Assuming you are giving your baby your surname then this is the name that will be on your baby's passport, so very unlikely any questions will be asked.

If you have your children named on a family insurance policy and you needed to claim then I can't imagine this would cause a huge problem.  One of my friends took her sons friend on holiday with them and it was no problem adding him to their insurance policy as a dependant minor.  You just have to make sure you choose the right policy.

I would take a letter as back up if required but I really think you will be fine.


----------



## NatGamble (Mar 1, 2007)

Yes, that's right - you can give your baby your surname (as long as your surrogate agrees!) so there's nothing on the face of the passport which says that you are not the parents, which is helpful.  The risk is that the passport authorities have a record of your surrogate/husband as the parents because that's what went on the passport application form.


Having a letter from your surrogate and her husband is essential (even if you just keep it in your back pocket in case) since you could be stopped for child abduction if the border control officials think you are taking a child out of the UK without the parents' permission.  
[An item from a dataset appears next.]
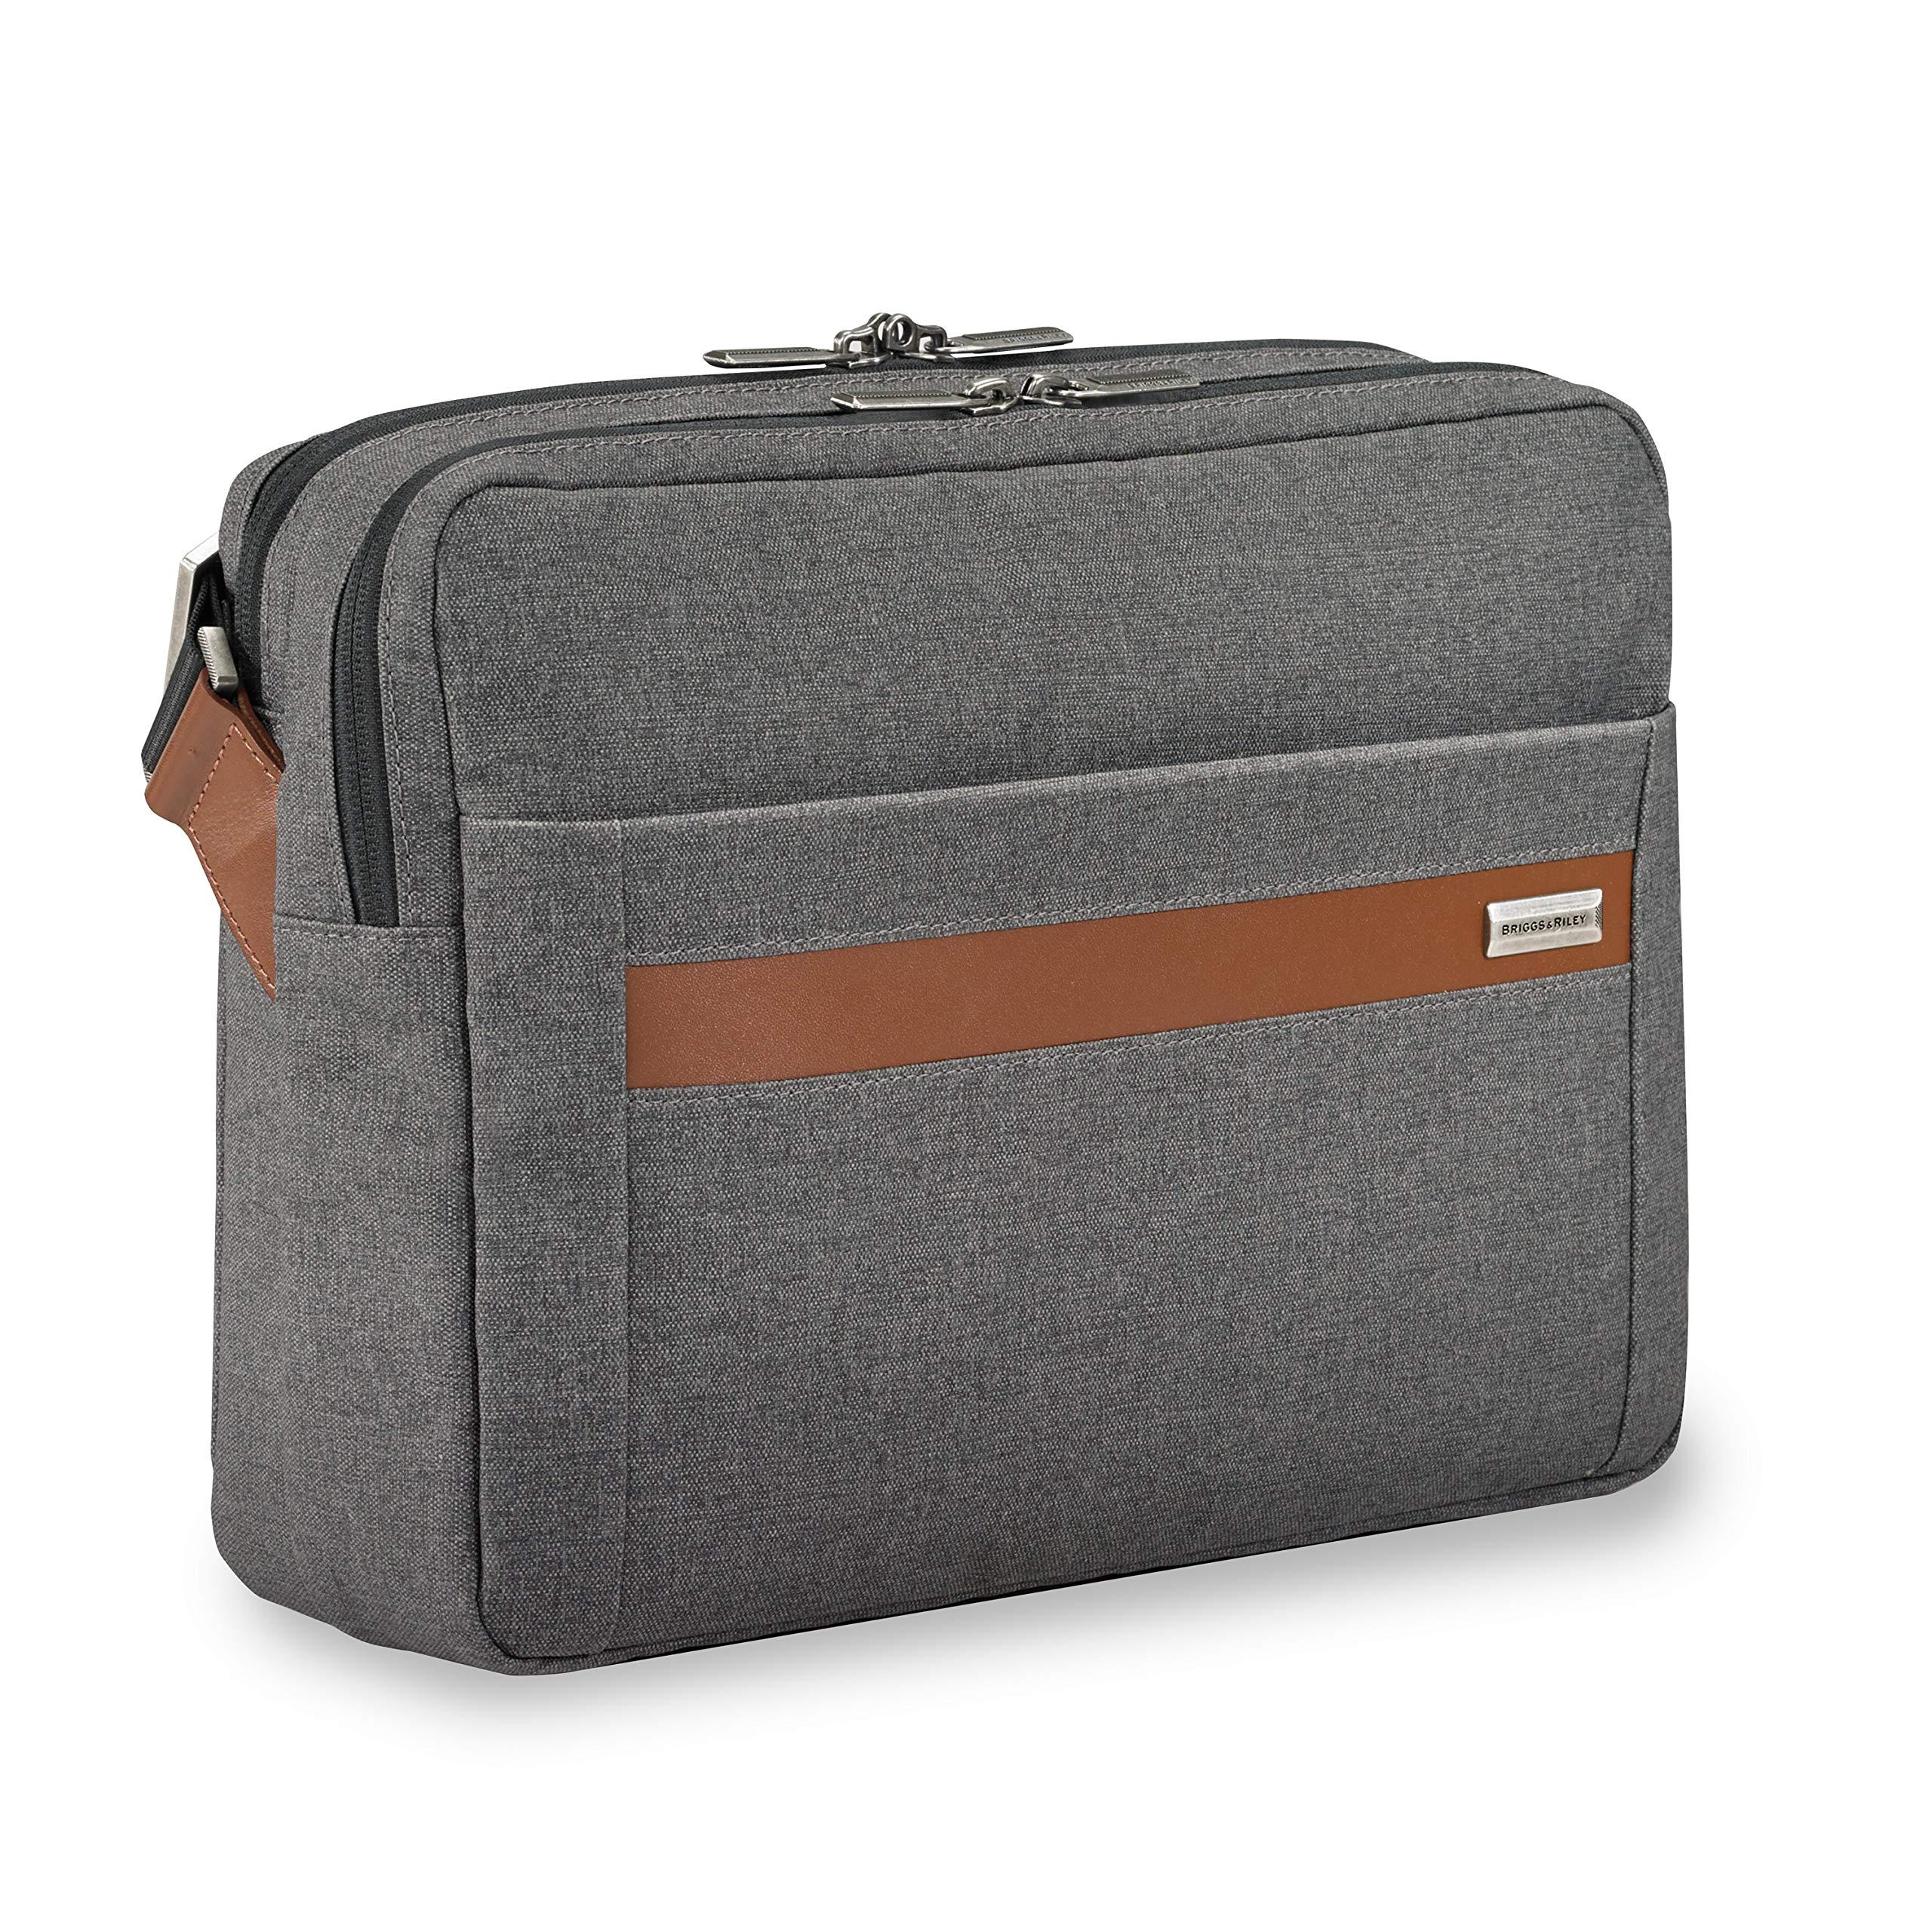 Briggs & Riley Kinzie Street Micro Messenger Laptop Bag, Grey, One Size

Bria - it's good to hear that your IPs didn't have any problems.


Natalie


----------



## alwayshope (Nov 18, 2011)

Thanks Bria and Natalie,

This is really encouraging. So when the application is made for the passport, we could put our surname for the babies and then a passport is made out in our surname, even though we give in the birth certificate with different surnames from the surrogate and her husband? Or do you mean that the birth certificate that we give in with the passport application has our surname on it instead of the surrogate and husband´s? Sorry, am a bit confused.

BW

AH


----------



## leo (Mar 7, 2005)

Hi you can give your child any surname you want on the birth certificate, the surro and her husband would be named as the birth parents. When we registered a surro baby we asked the register could we put the IP's surname down and she said the baby can have any surname we wanted.


----------



## NatGamble (Mar 1, 2007)

Hi AH

Sorry if I was confusing!  Leo is quite right - you can register the birth certificate giving your children your surname (even though your surro and her husband will be registered as the parents and will have a different surname), and that then follows through to the passport too.

Hope that clarifies.

Natalie


----------



## alwayshope (Nov 18, 2011)

Thanks Natalie, Leo and Bria, 

It's all clear to me now  Putting our surname as opposed to our surrogate's could be the solution.

BW

AH


----------